Dataset excerpt: Begin
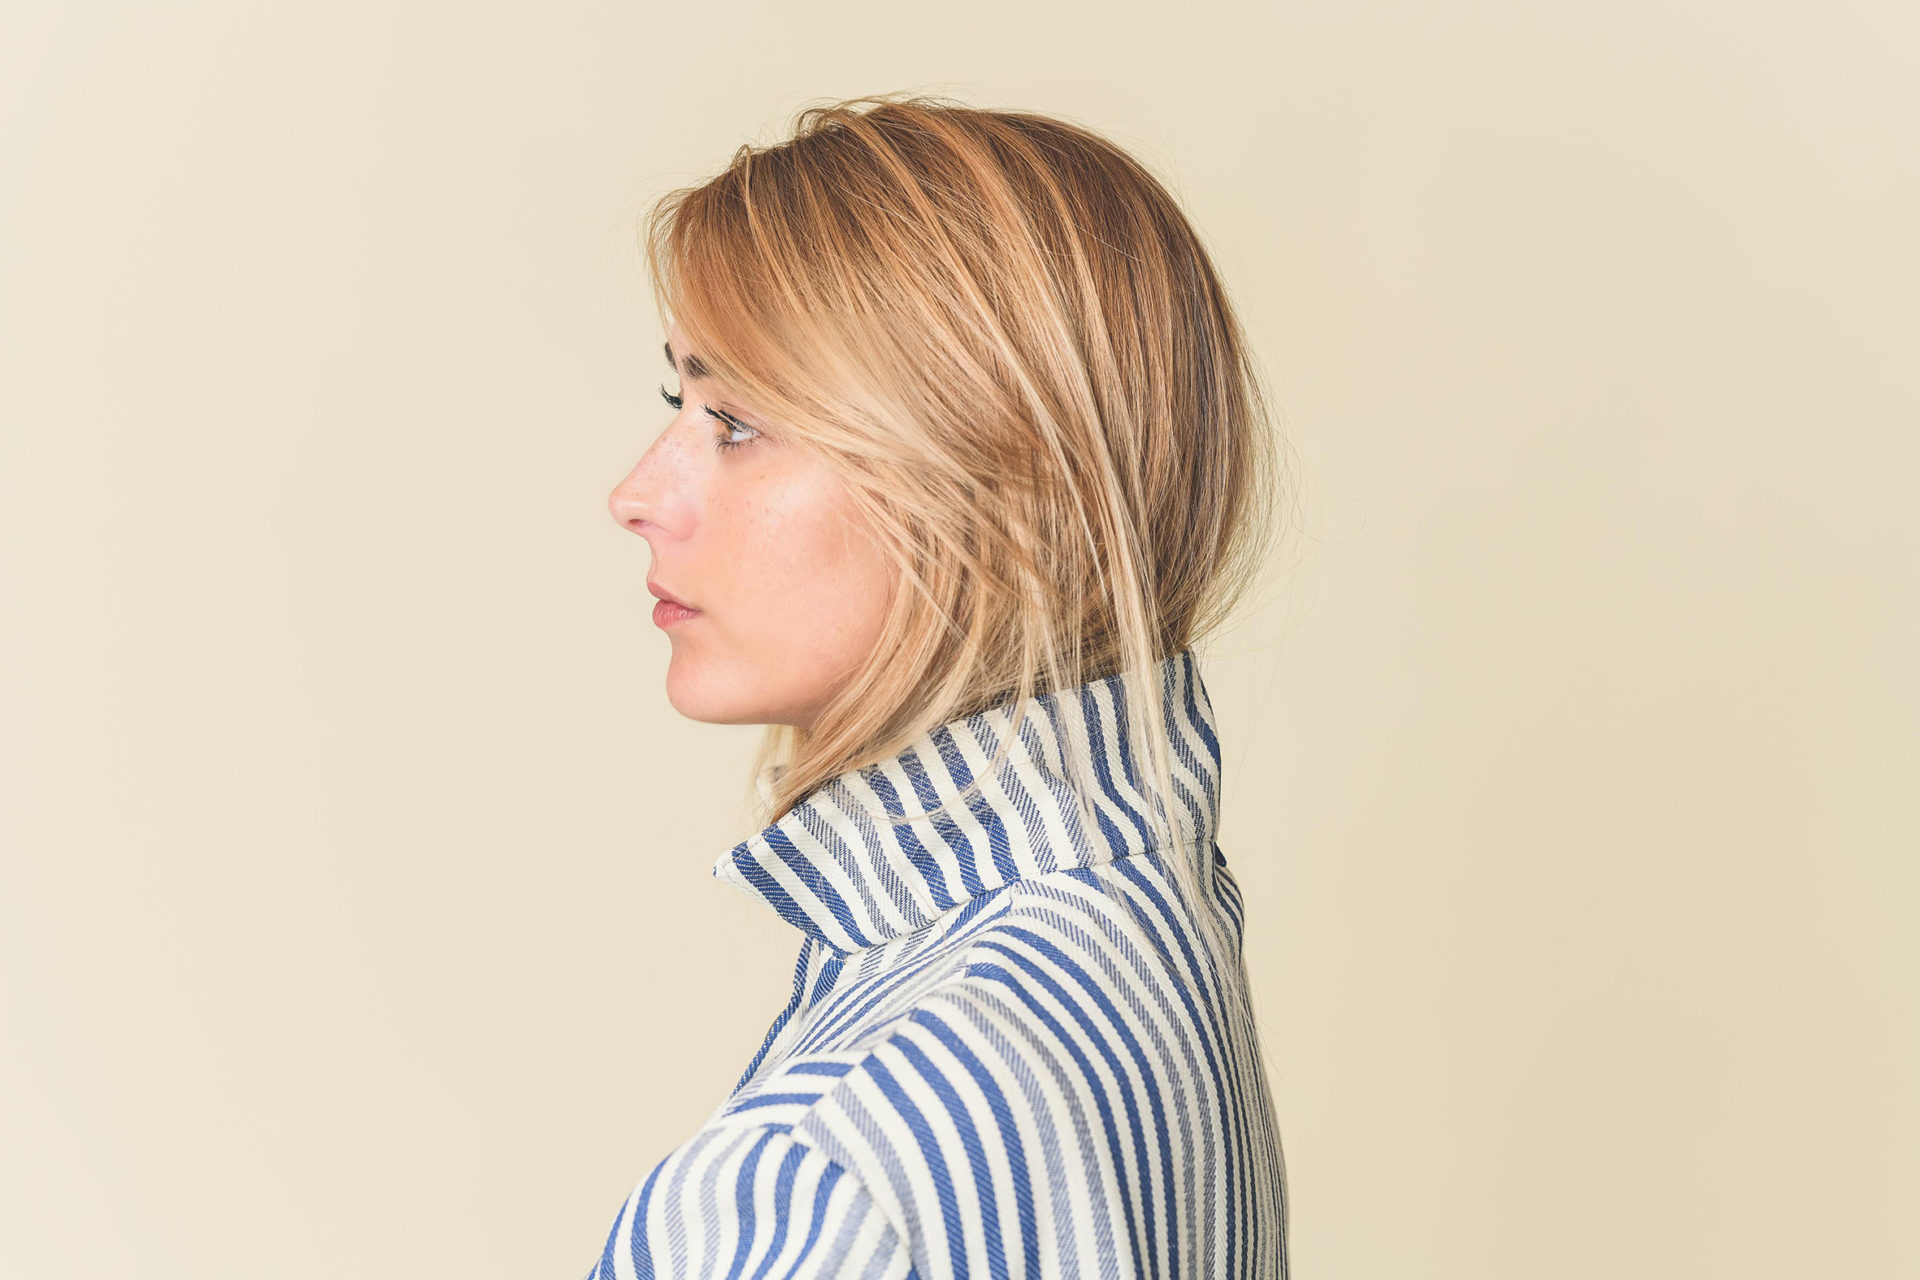 Laurent-scavone-photographe-mode-studio-lille-126
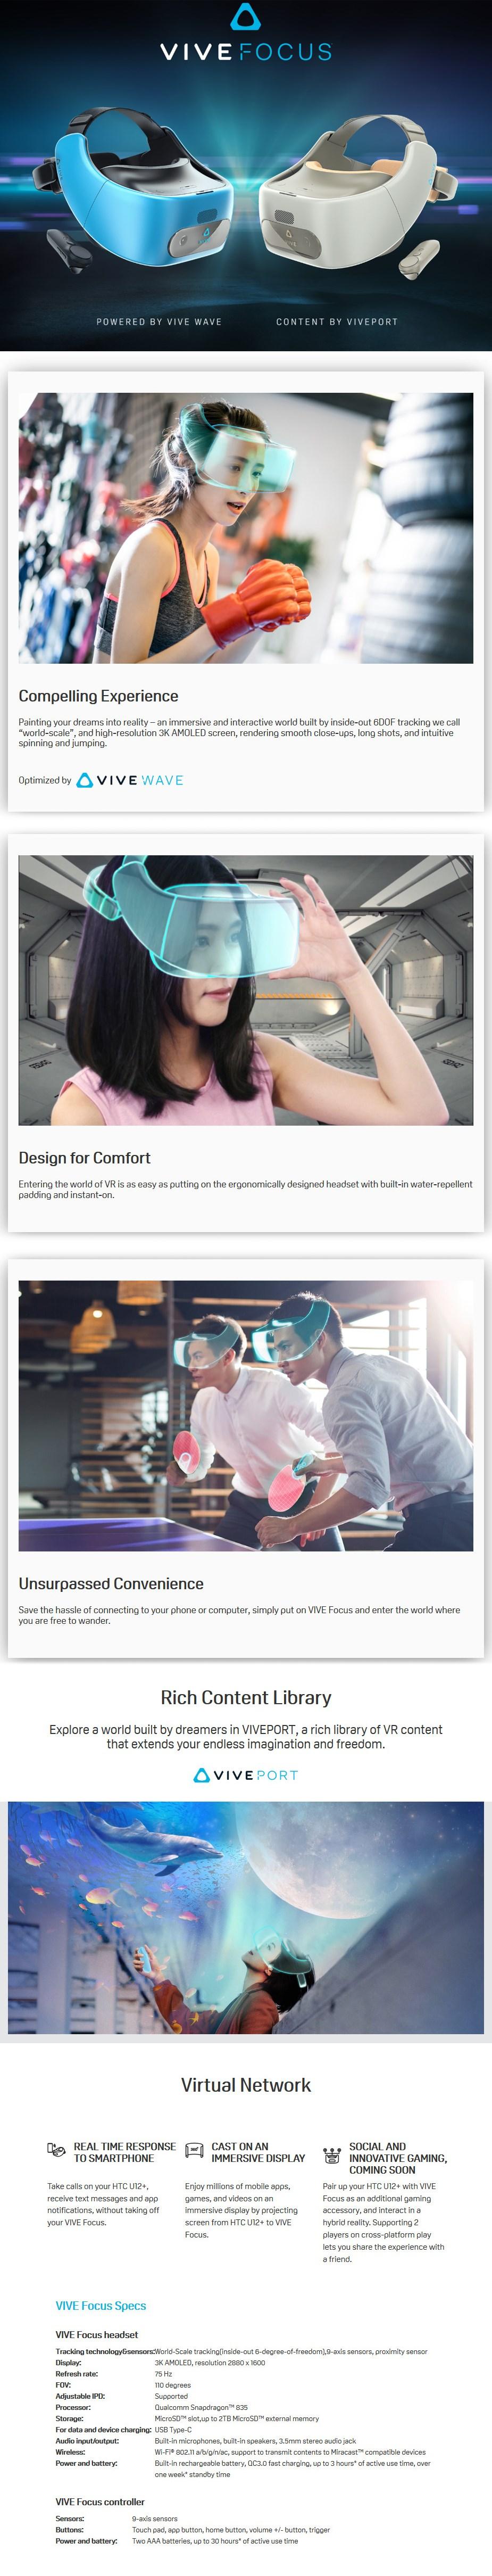 HTC Vive Focus 3K AMOLED Virtual Reality Headset - White - Desktop Overview 1
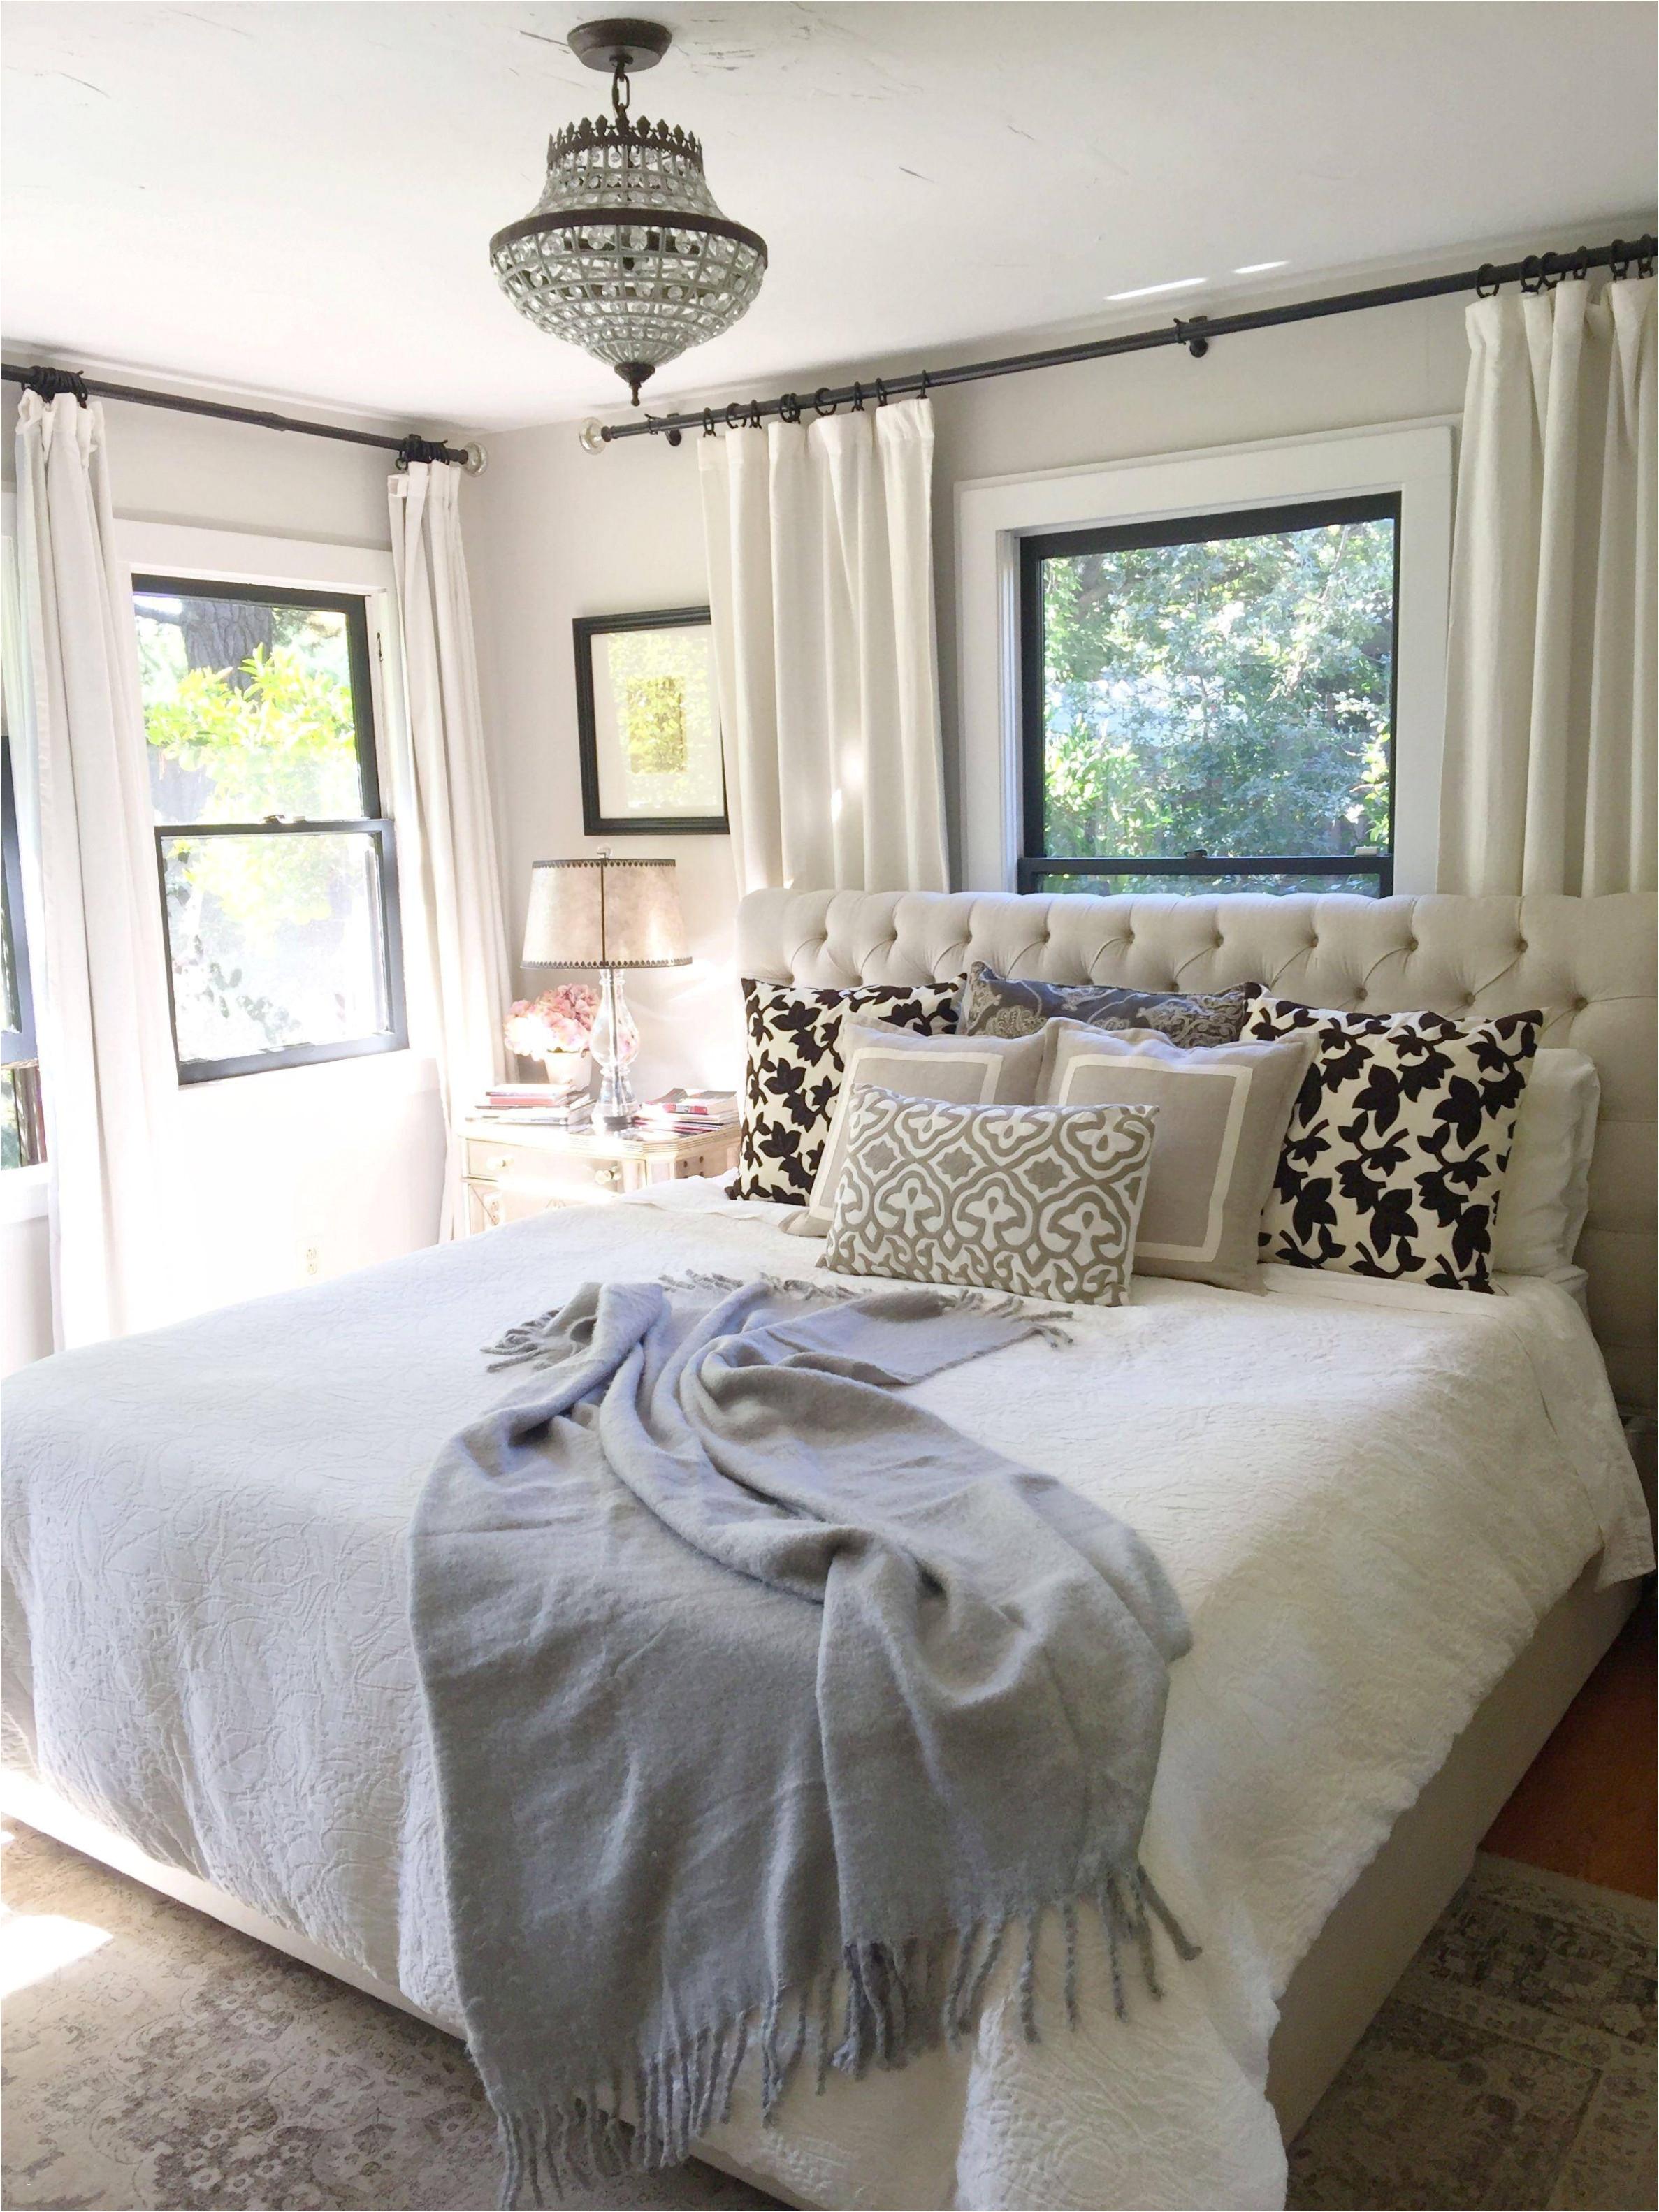 Terrific Bedroom Ideas Ikea Kids Rooms Awesome Wall Bookshelf 0d
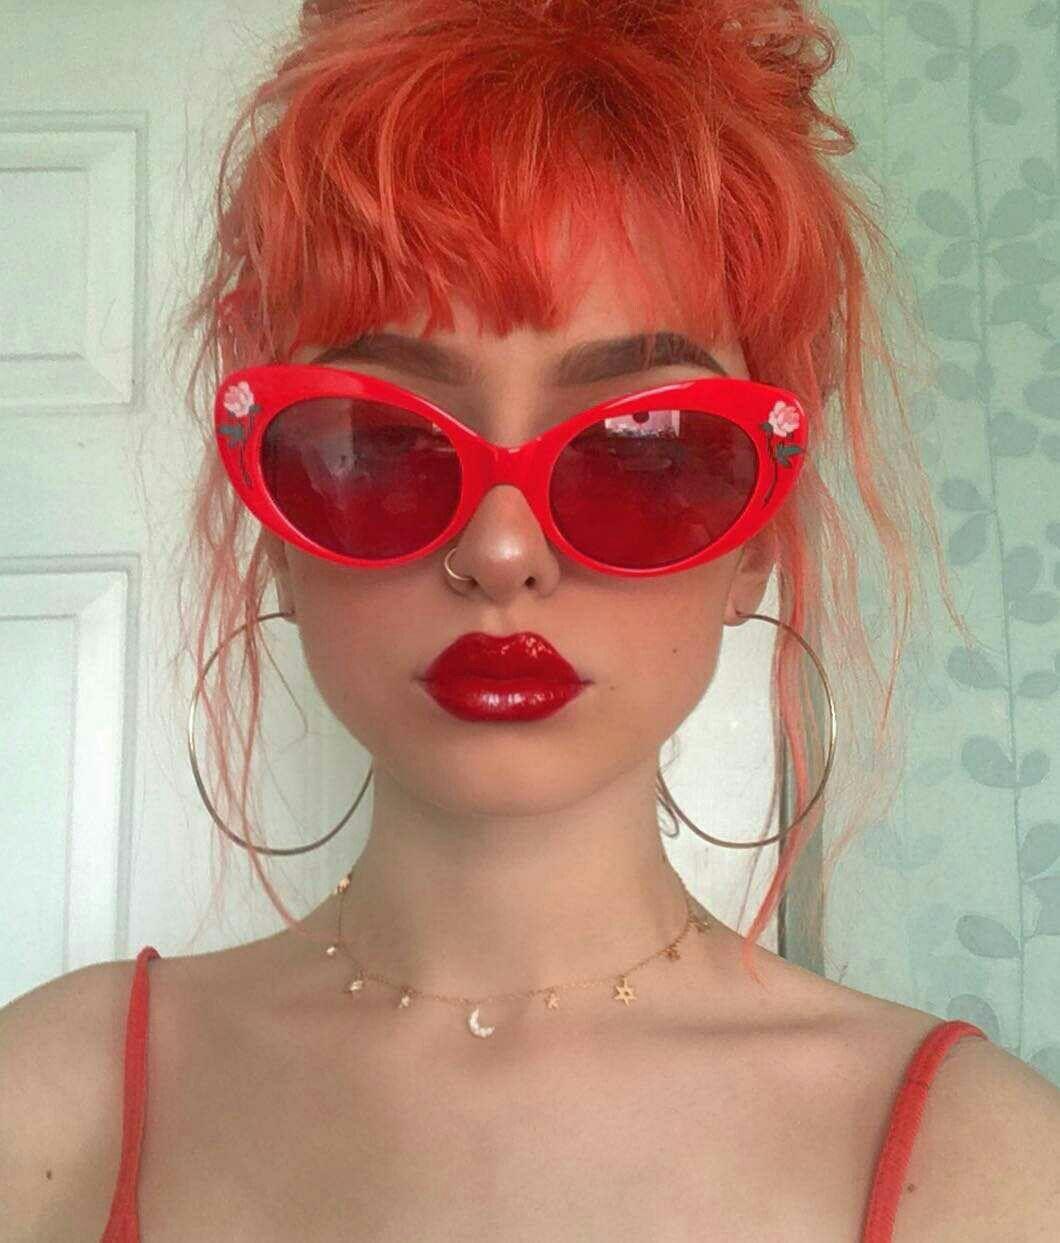 ̗̀∙ Pinterest giudf1 ∙ ̖́ Red aesthetic, Beauty
Dataset excerpt: End
- _Task details_
Transcribe exactly the line containing "Terrific Bedroom Ideas" and every line after it through the end of the listing above; pictures are not part of the copy.

- _Reply to the task_
 Terrific Bedroom Ideas Ikea Kids Rooms Awesome Wall Bookshelf 0d
 ̗̀∙ Pinterest giudf1 ∙ ̖́ Red aesthetic, Beauty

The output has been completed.